Data below:
_ _ _ _

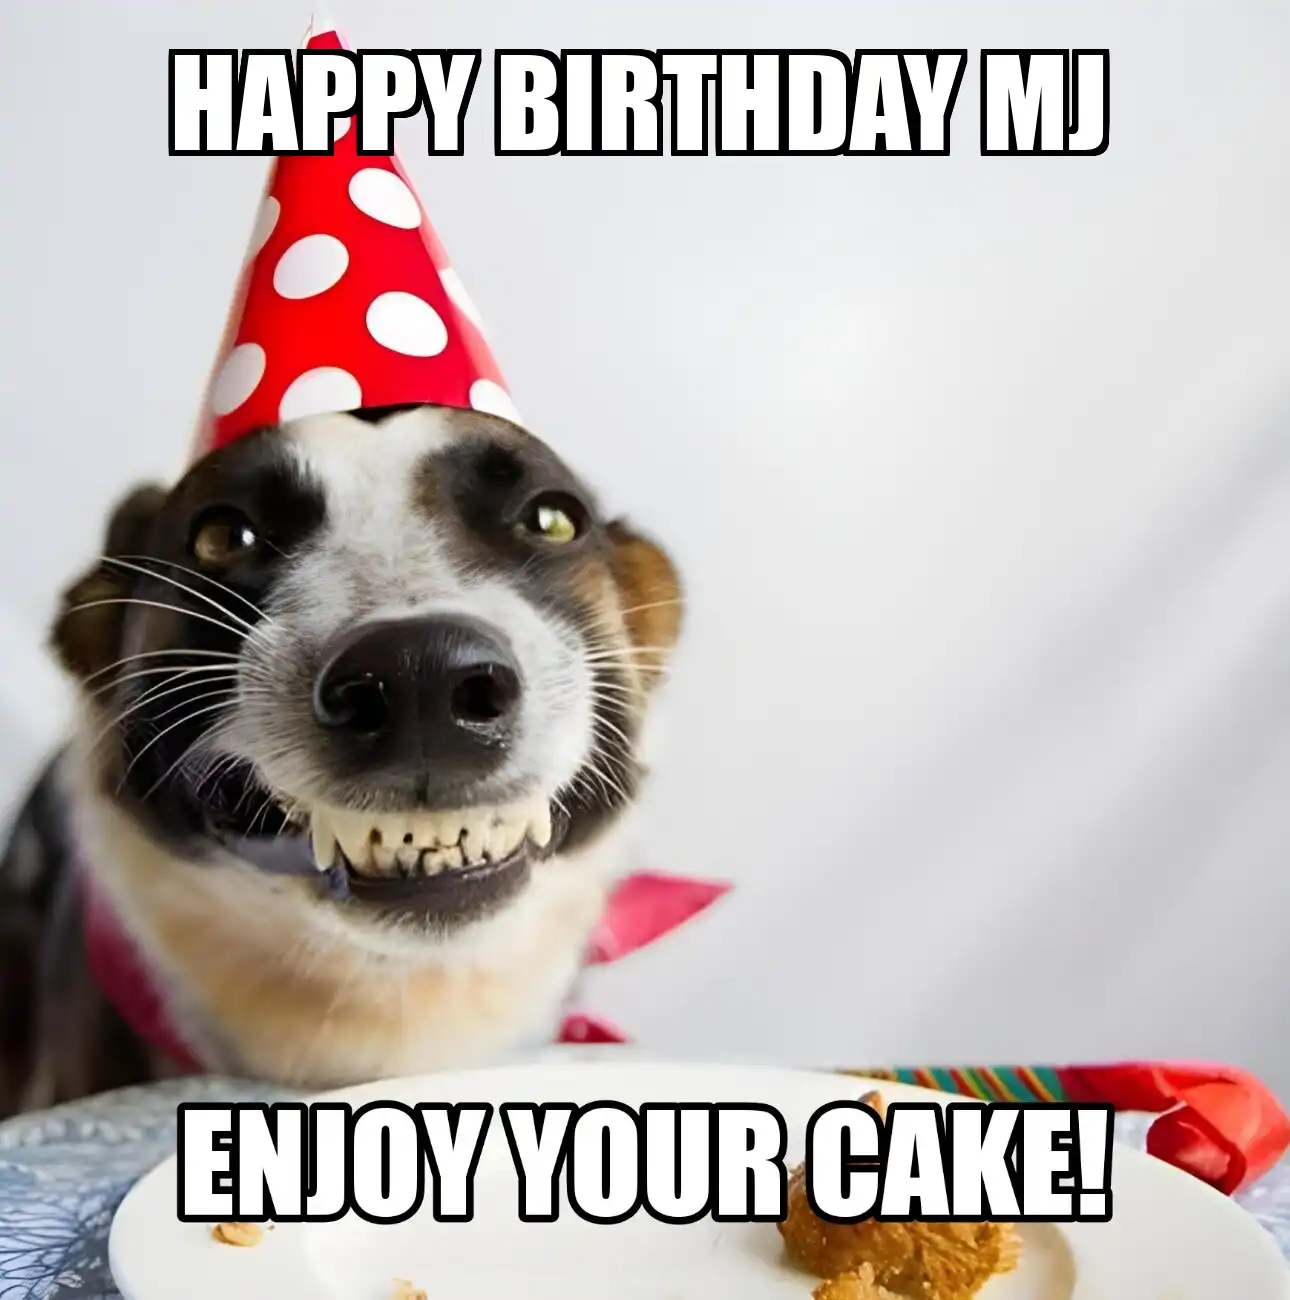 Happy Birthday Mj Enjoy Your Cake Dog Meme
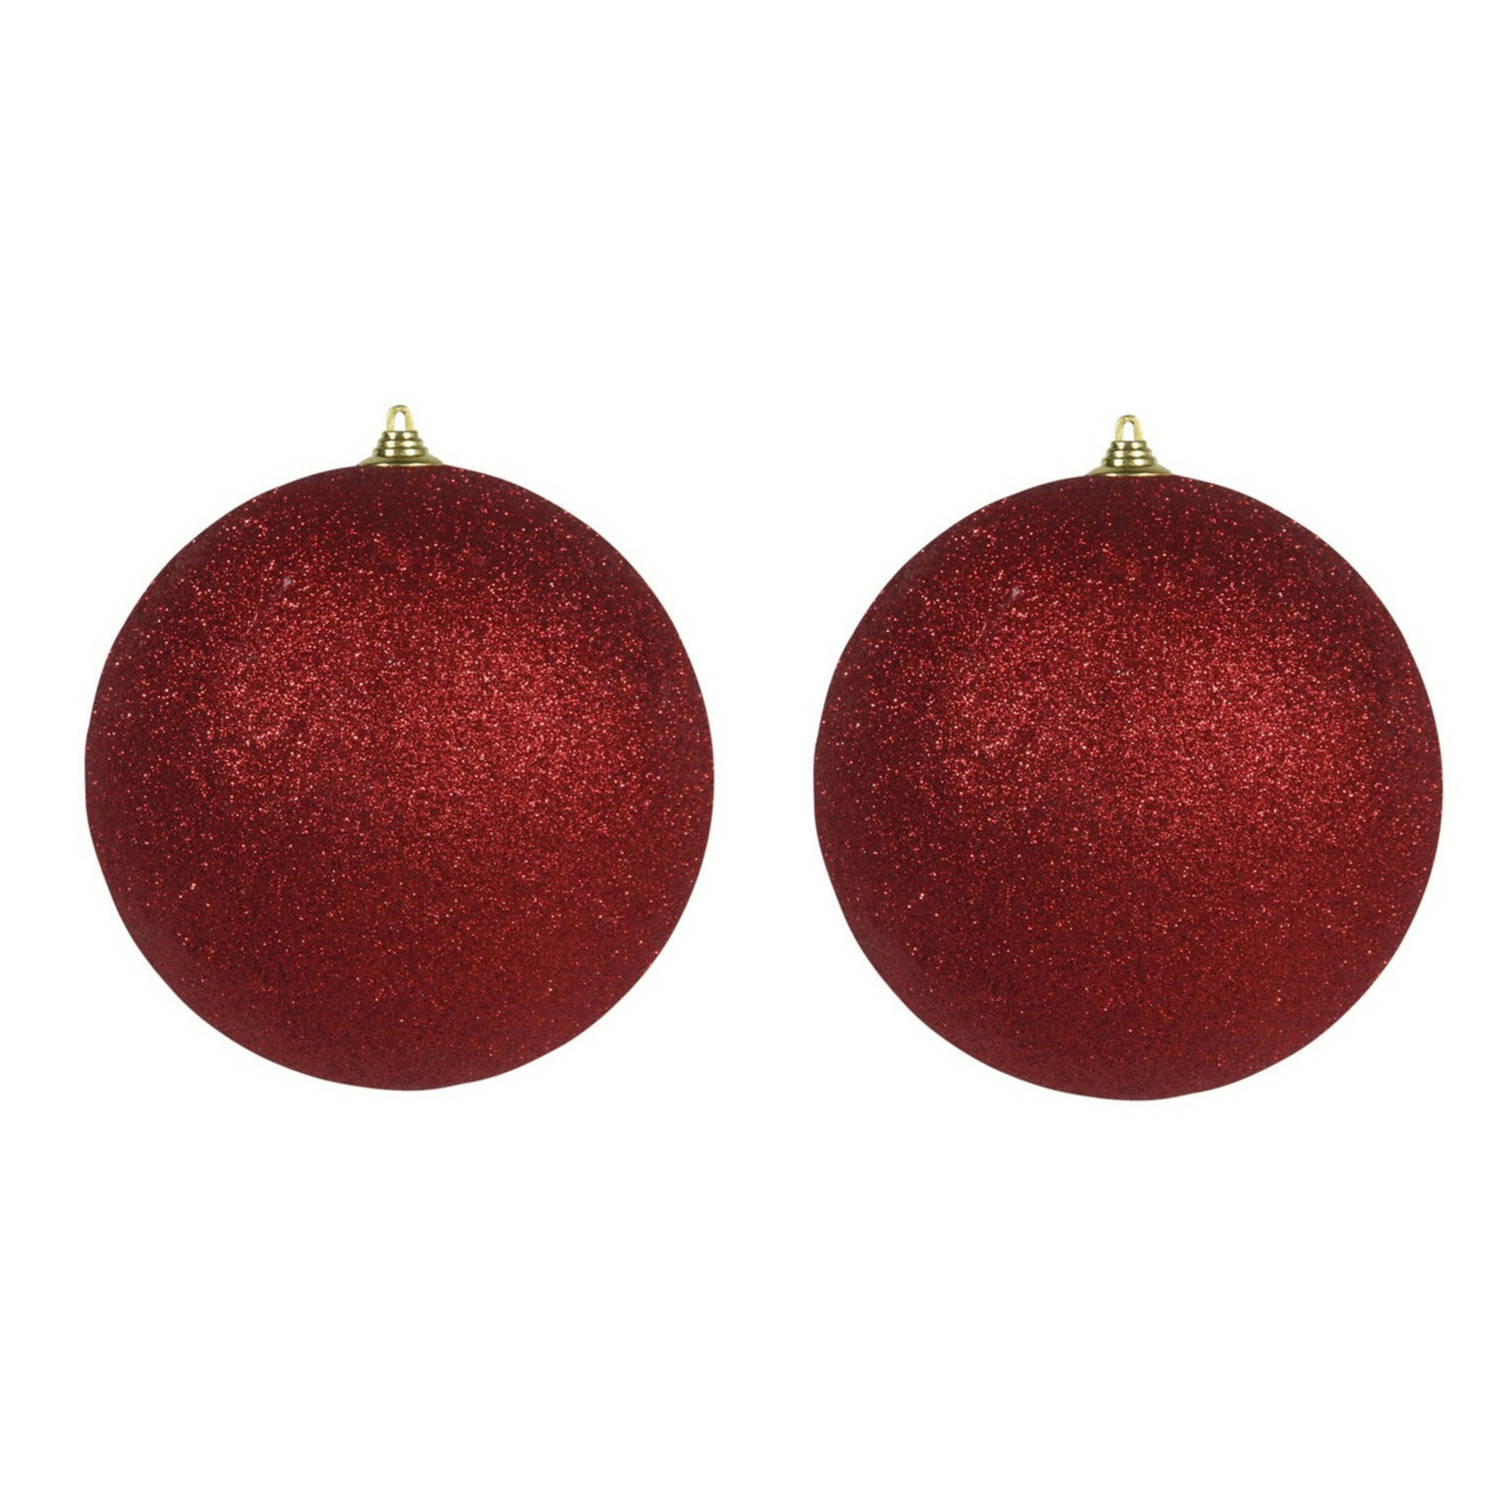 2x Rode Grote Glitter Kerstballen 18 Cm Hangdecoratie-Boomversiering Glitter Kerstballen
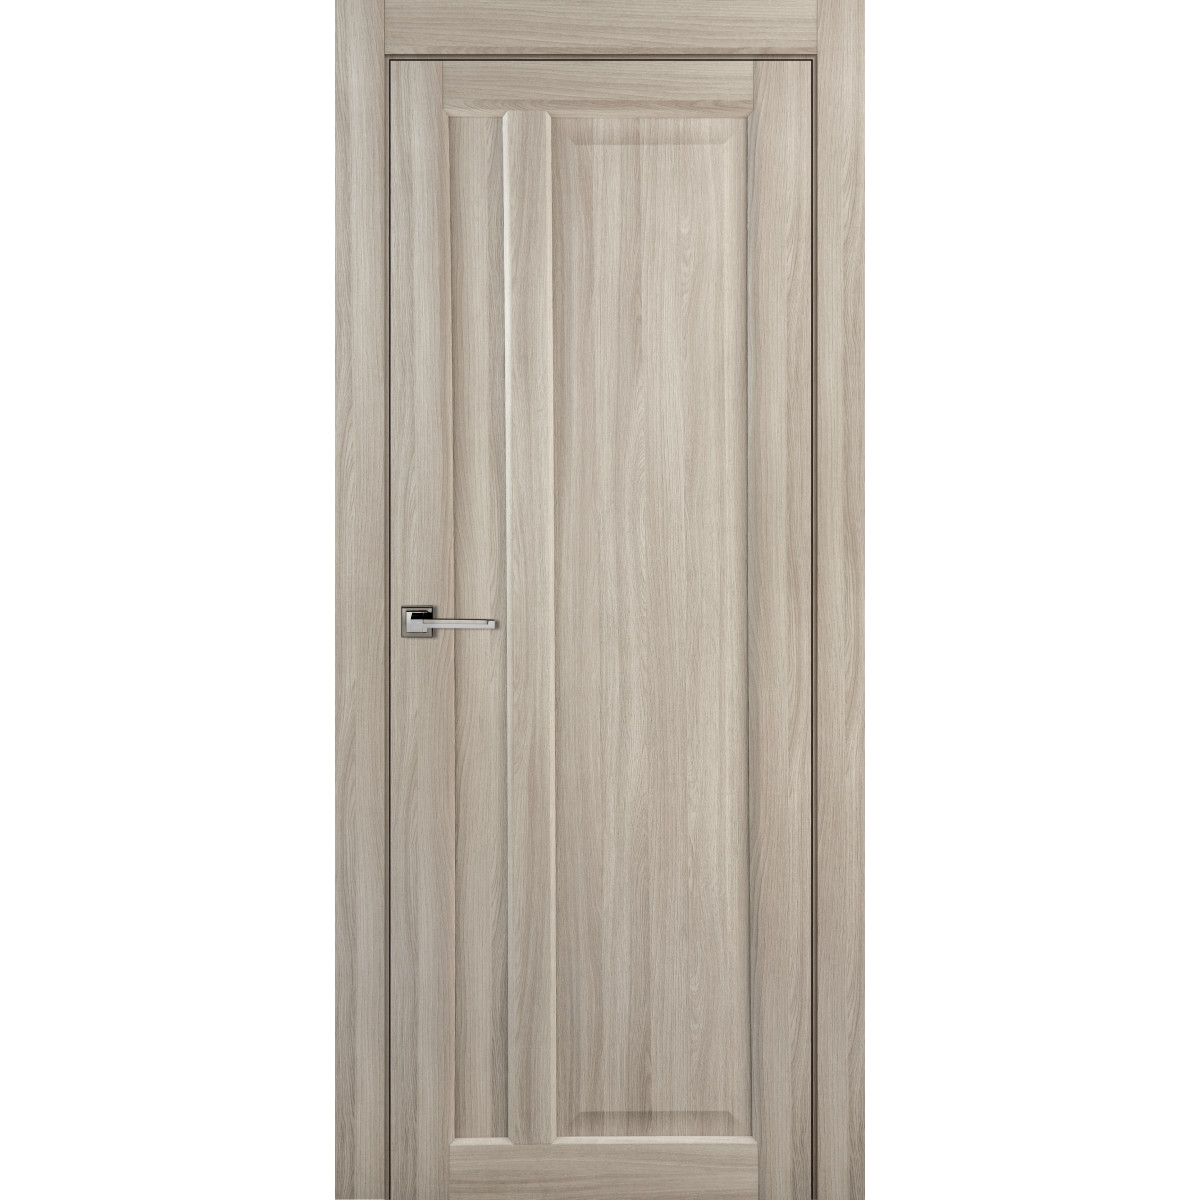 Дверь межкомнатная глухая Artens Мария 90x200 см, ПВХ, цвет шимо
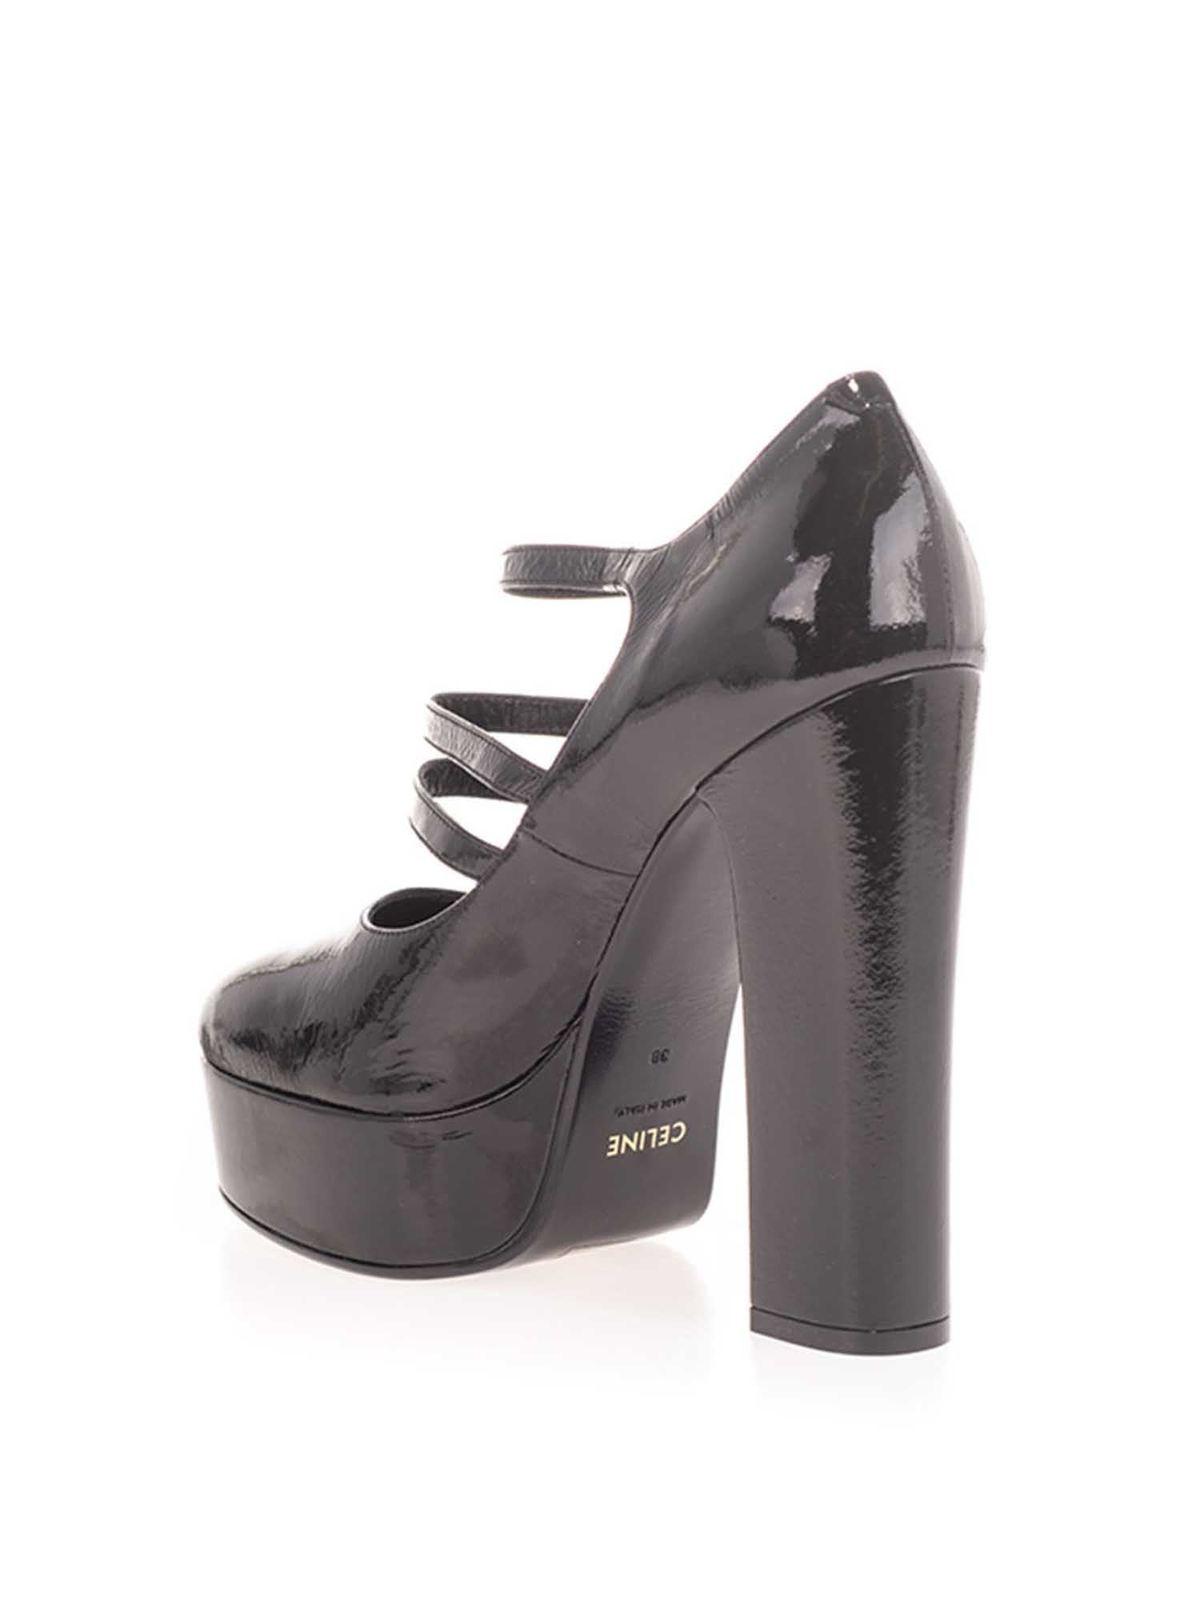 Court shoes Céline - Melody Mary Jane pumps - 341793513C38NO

_ _ _ _

Requirement: When you reach the line that contains "2x Rode Grote", start copying the listing word for word and stop only after its last line, without any pictures.

Solution to this task:
 2x Rode Grote Glitter Kerstballen 18 Cm Hangdecoratie-Boomversiering Glitter Kerstballen
 Дверь межкомнатная глухая Artens Мария 90x200 см, ПВХ, цвет шимо
 Court shoes Céline - Melody Mary Jane pumps - 341793513C38NO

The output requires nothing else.